Fresh tomatoes are a pure summer delight. The flavor is sweet, the texture firm, and the colors stunning. Though early and late season varieties have been bred to extend the season for tomatoes - I particularly like the ambition of the variety named "Fourth of July" - tomato season in northern New England is a boom time of just one month. (Unless it's a late blight year, like 2009, where tomato season was a complete bust - but that's another story.)
While my first thought of tomatoes evokes Italy, tomatoes are actually native to South America and were cultivated in South and Central America as food crops. European explorers sent the tomato and its Solanaceae family cousins (potatoes, peppers and the important cash crop of tobacco) back across the Atlantic. The Italians and the Spanish embraced the tomato as their own, and in an interesting quirk of history, Americans did not start eating tomatoes until they became popular in Europe. (For more on this,
check out this History Channel snippet - click on the picture of the tomato.)
It's the tenth of September now, and just this past two weeks, "all the lights are turning green to red." Unlike
the David Grey song, tomatoes turning green to red means that you've got to kick it into high gear. While canning, freezing and drying tomatoes is an excellent way to handle your summer tomato harvest, you've just got to eat a lot of fresh tomatoes while they are at their most summery flavorful ripeness. Especially if you've stopped eating the bland, mealy supermarket tomatoes for the other 11 months of the year, it's practically mandatory to get in while the getting's good.

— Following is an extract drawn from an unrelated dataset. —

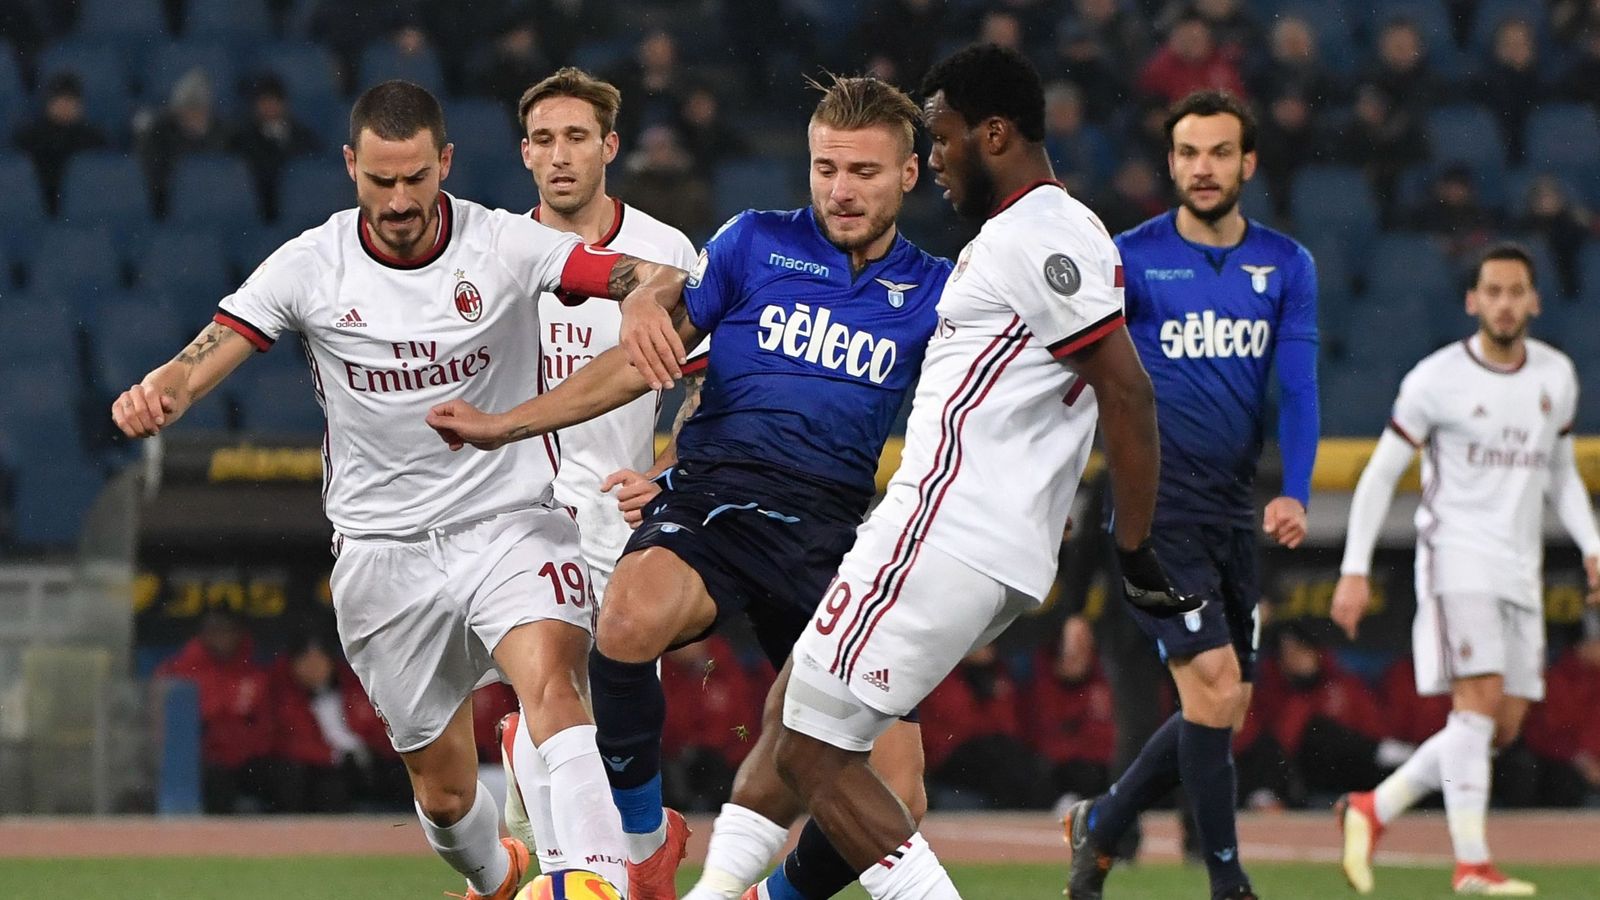 Lazio 0 - 0 AC Milan - Match Report & Highlights
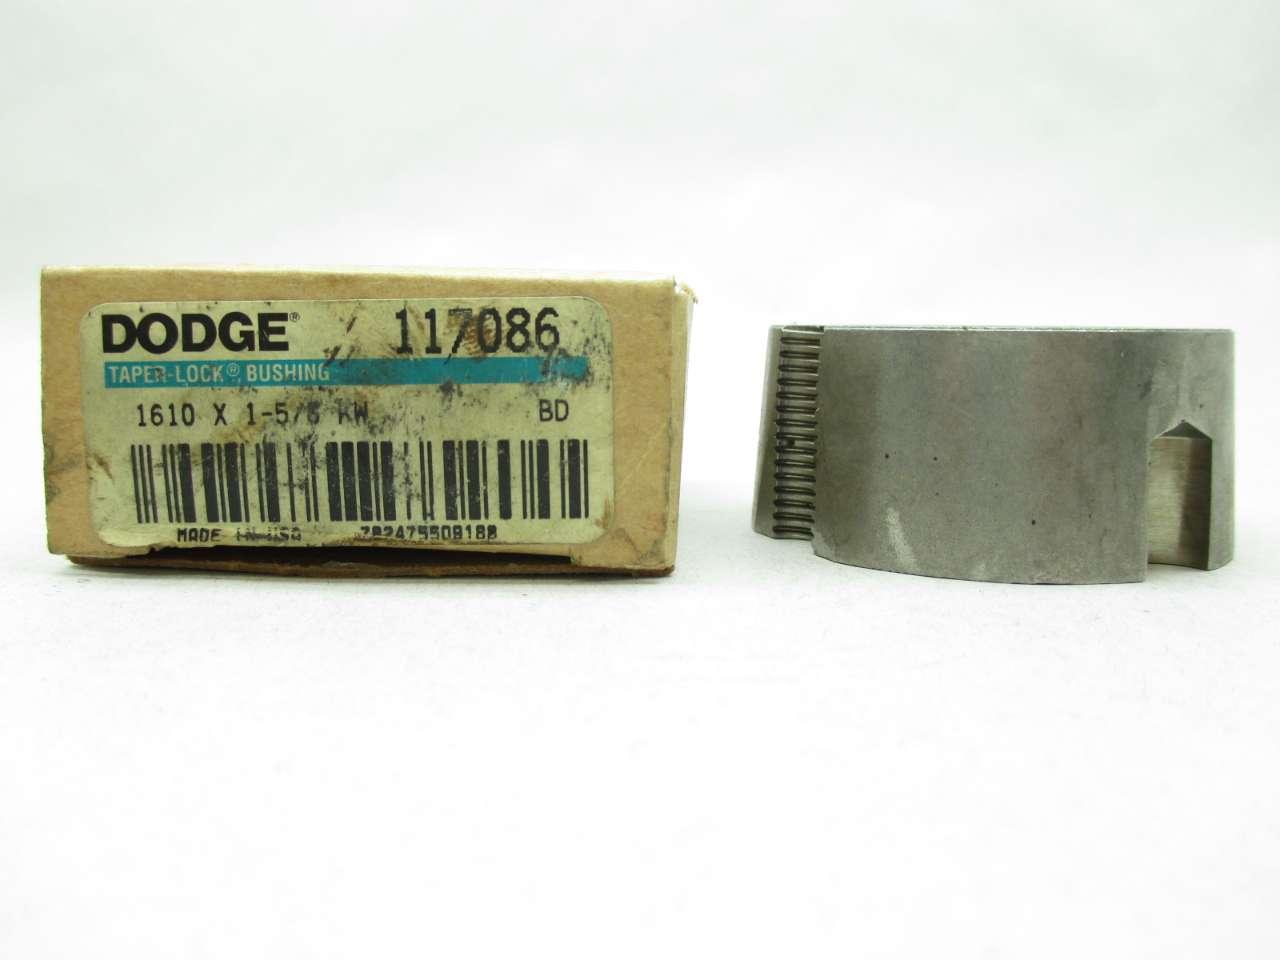 Dodge 117086 Taper Lock Bushing 1610 x 1-5/8"

Right now, the getting is really good - and what's even better, you don't even have to work hard to appreciate the flavor and beauty of fresh tomatoes. I'd like to share 9 simple dishes featuring fresh tomatoes during this "what? more tomatoes?" end-of-summer time. I'm loathe to call these recipes, as there is so little work involved and there are no measurements - and the first doesn't even require a plate.
1) Eat cherry tomatoes by the handful, or eat a ripe heirloom tomato like an apple.You may want to eat the full-sized tomato outside because the seeds have a tendency to go everywhere.
2) Sliced tomatoes with a sprinkling of sugar. Sounds weird, but this was a favorite in my family growing up, and reinforces that tomatoes are indeed fruits, not vegetables.
3) Caprese salad - sliced tomatoes, sliced fresh mozzarella, and basil leaves. We typically dress this with some ground pepper, balsamic vinegar and olive oil over the top.
4) Halved cherry tomatoes mixed with creamy goat cheese and fresh herbs.
5) Oven-roasted plum, grape or cherry tomatoes. Slice in half, toss with olive oil, and put in the oven at 350 until the fragrance from the oven overpowers you (between 30 and 45 minutes, depending on the size of your tomatoes). This is excellent to put on top of a piece of meat.
6) Tomato-cucumber-feta salad. Sliced tomatoes and cucumbers with chunks of feta tossed with a little oil and vinegar.
7) Tomatoes with yogurt-dill sauce. Sliced tomatoes or whole cherry tomatoes served next to a dollop of Greek yogurt with fresh or dried dill, garlic powder and onion powder.
8) BLTs! This is the best use of those monster heirloom Brandywines or Cherokees where a single tomato slice will cover the whole piece of bread. This sandwich is so good that we actually made a special trip to buy Boston lettuce so that we could eat BLTs on the front steps on Saturday night.
9) Pa amb tomaquet - I think we are all familiar with Italian cuisine involving tomatoes, but how about a Spanish dish? Barcelona is a beautiful city with its own wonderful Catalan language, and a fabulous, dead easy dish called bread with tomato (pa amb tomaquet). Slice up a baguette or other crusty bread and toast it or grill it. Rub it with a clove of garlic - you want to get chunks of garlic into the holes of the bread. Rub it with a half of a tomato, scraping the tomato flesh into the bread until you have only the skin left. Brush or drizzle some olive oil and sprinkle with salt.
What's your favorite way to prepare fresh summer tomatoes?